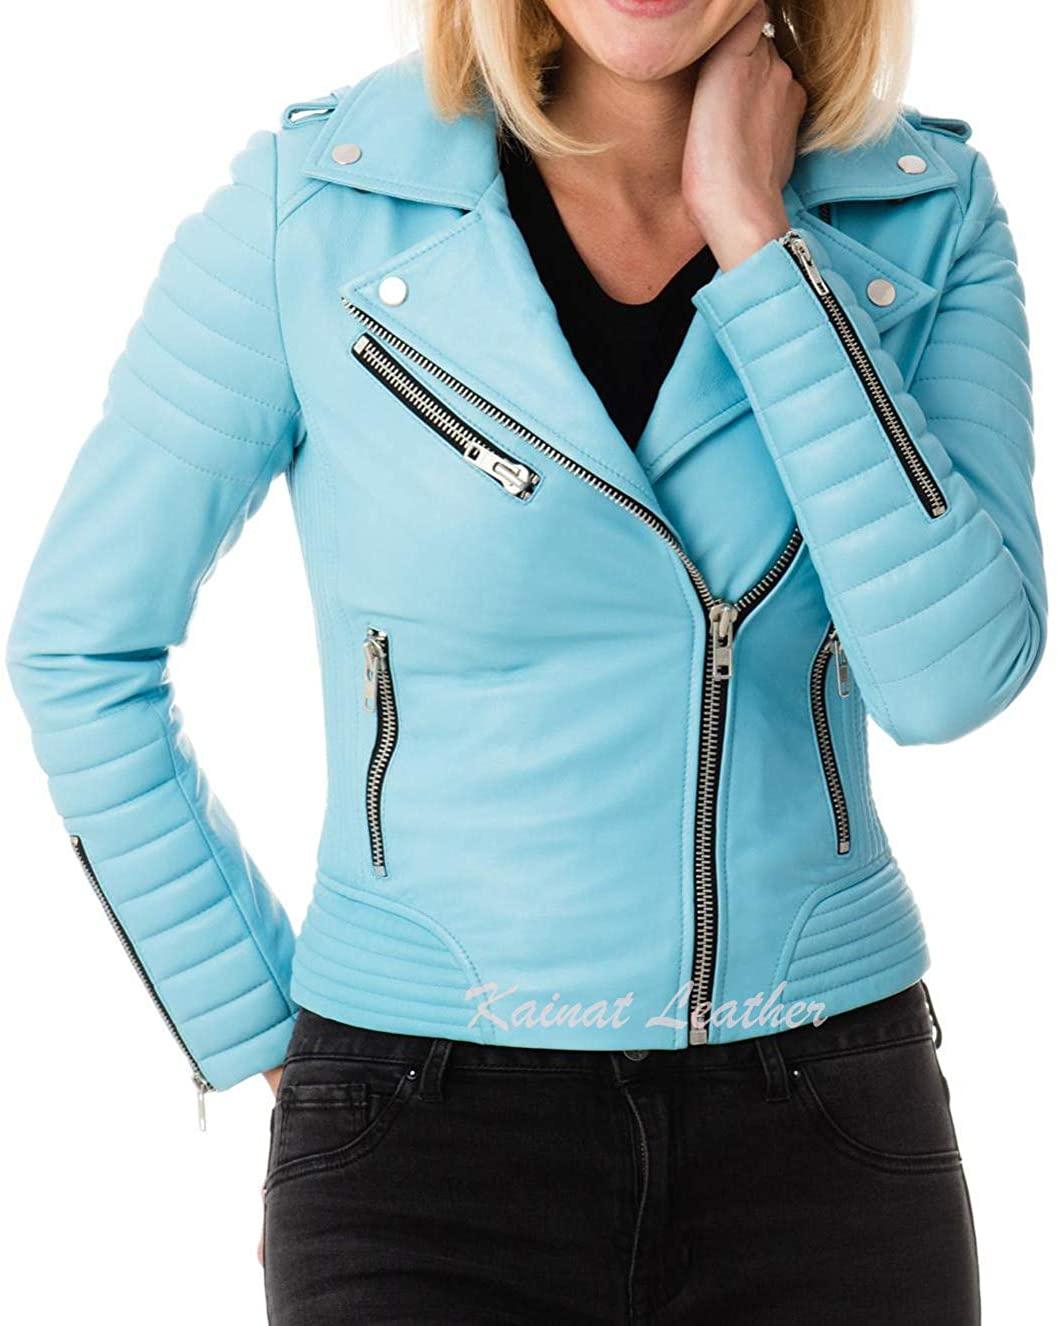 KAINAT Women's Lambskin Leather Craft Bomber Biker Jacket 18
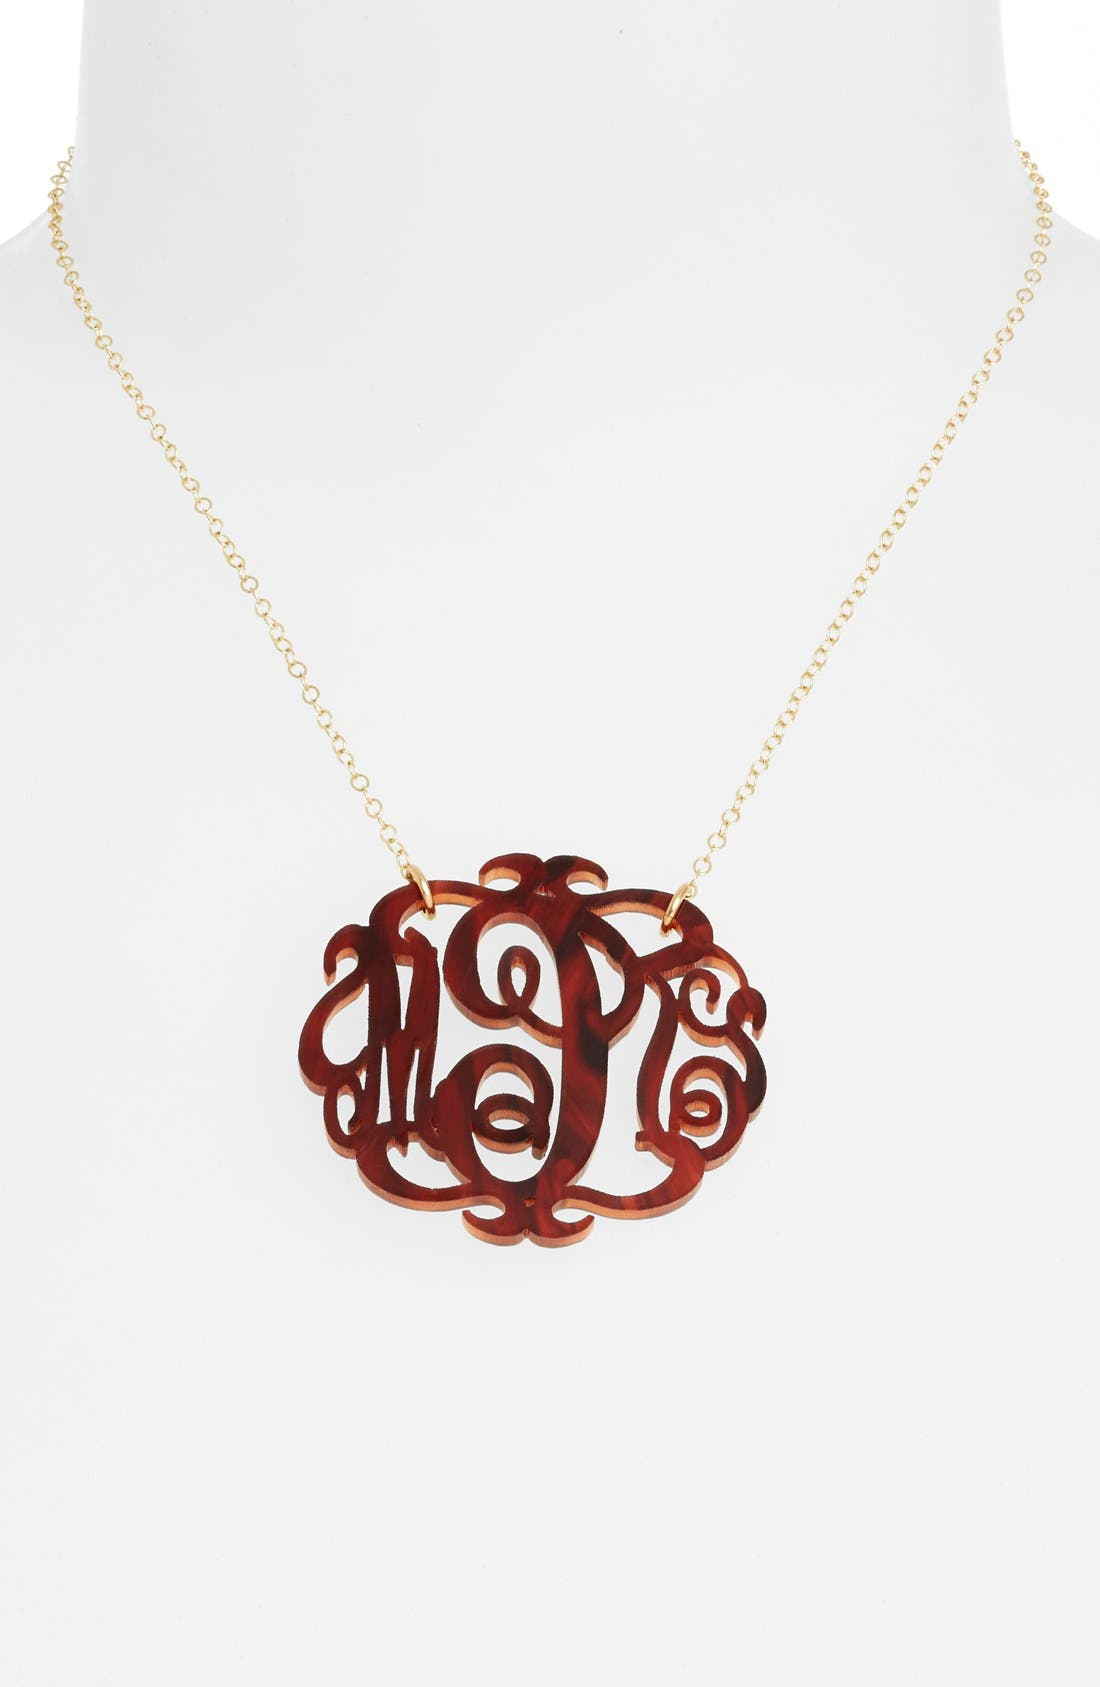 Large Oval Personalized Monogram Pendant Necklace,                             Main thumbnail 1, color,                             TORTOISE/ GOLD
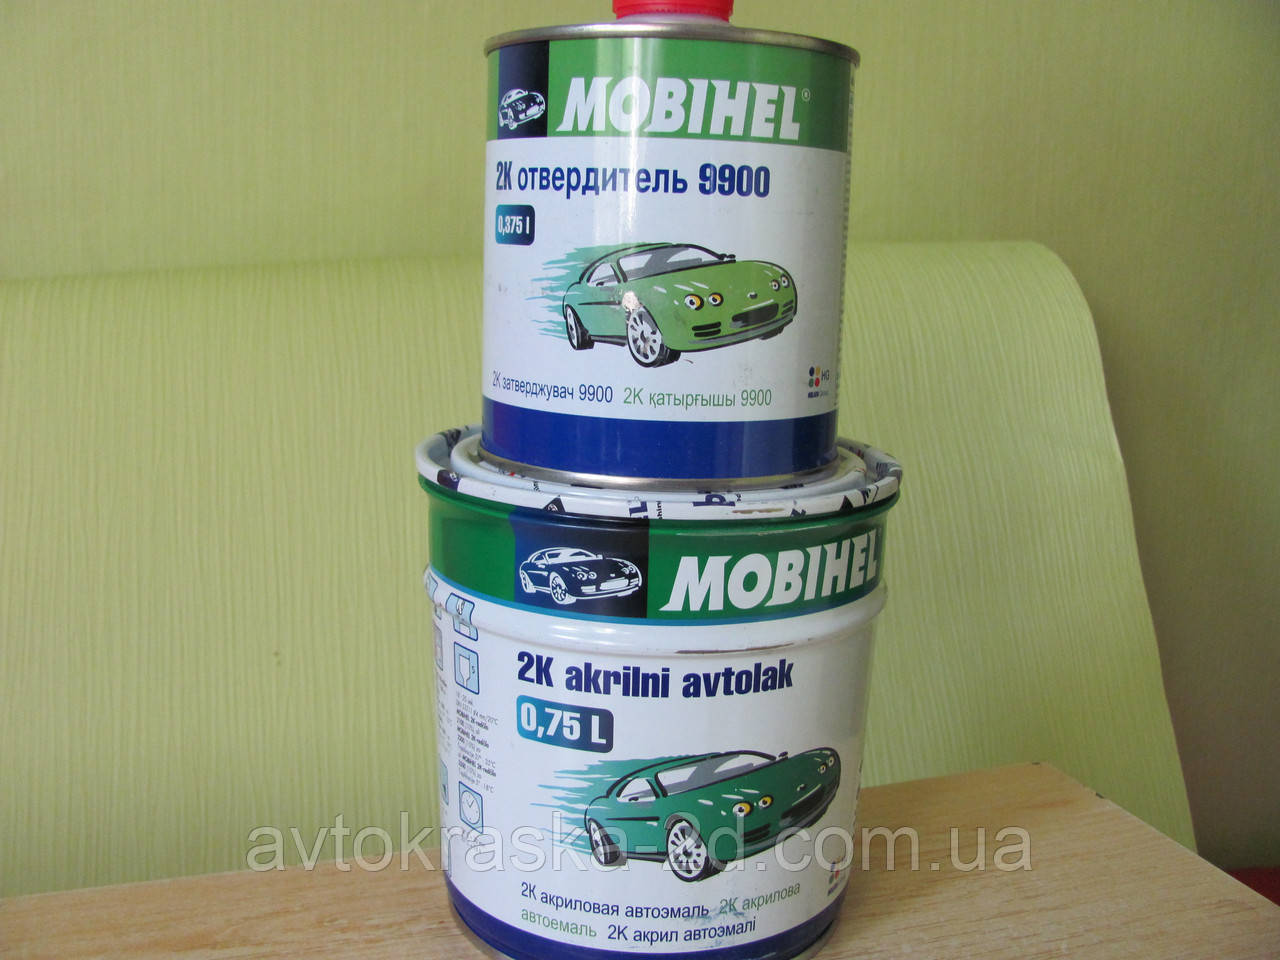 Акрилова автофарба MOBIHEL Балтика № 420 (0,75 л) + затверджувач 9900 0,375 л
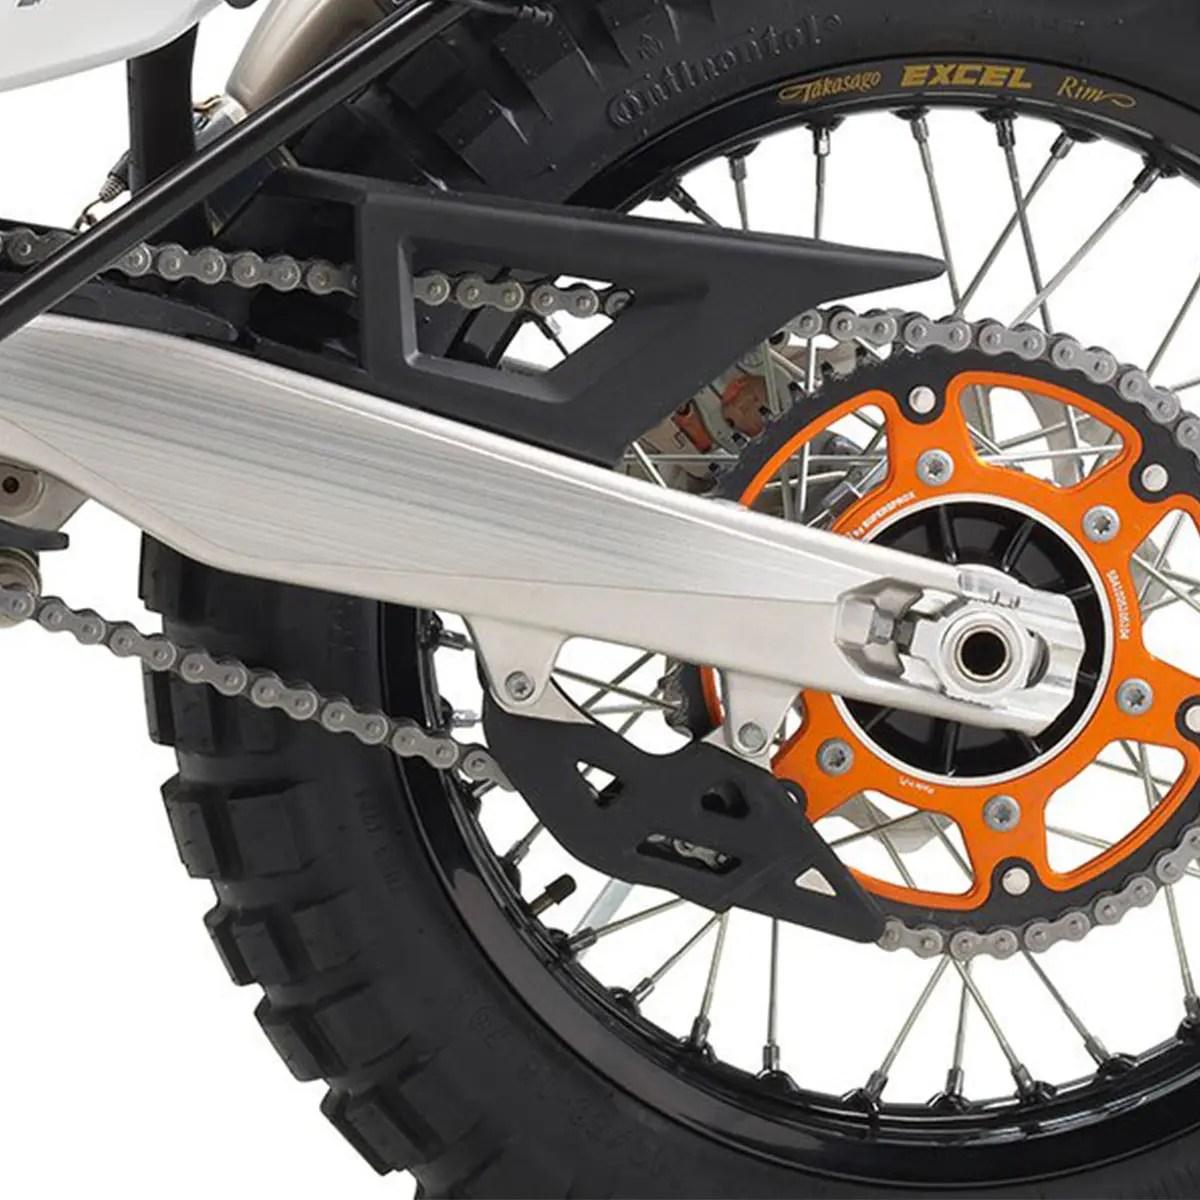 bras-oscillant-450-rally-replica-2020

• • • •

#### [EXERCISE DESCRIPTION]
Line for line, retype the material exactly, omitting any pictures.

#### [RESPONSE TO THIS EXERCISE]
 KAINAT Women's Lambskin Leather Craft Bomber Biker Jacket 18
 Large Oval Personalized Monogram Pendant Necklace,                             Main thumbnail 1, color,                             TORTOISE/ GOLD
 Акрилова автофарба MOBIHEL Балтика № 420 (0,75 л) + затверджувач 9900 0,375 л
 bras-oscillant-450-rally-replica-2020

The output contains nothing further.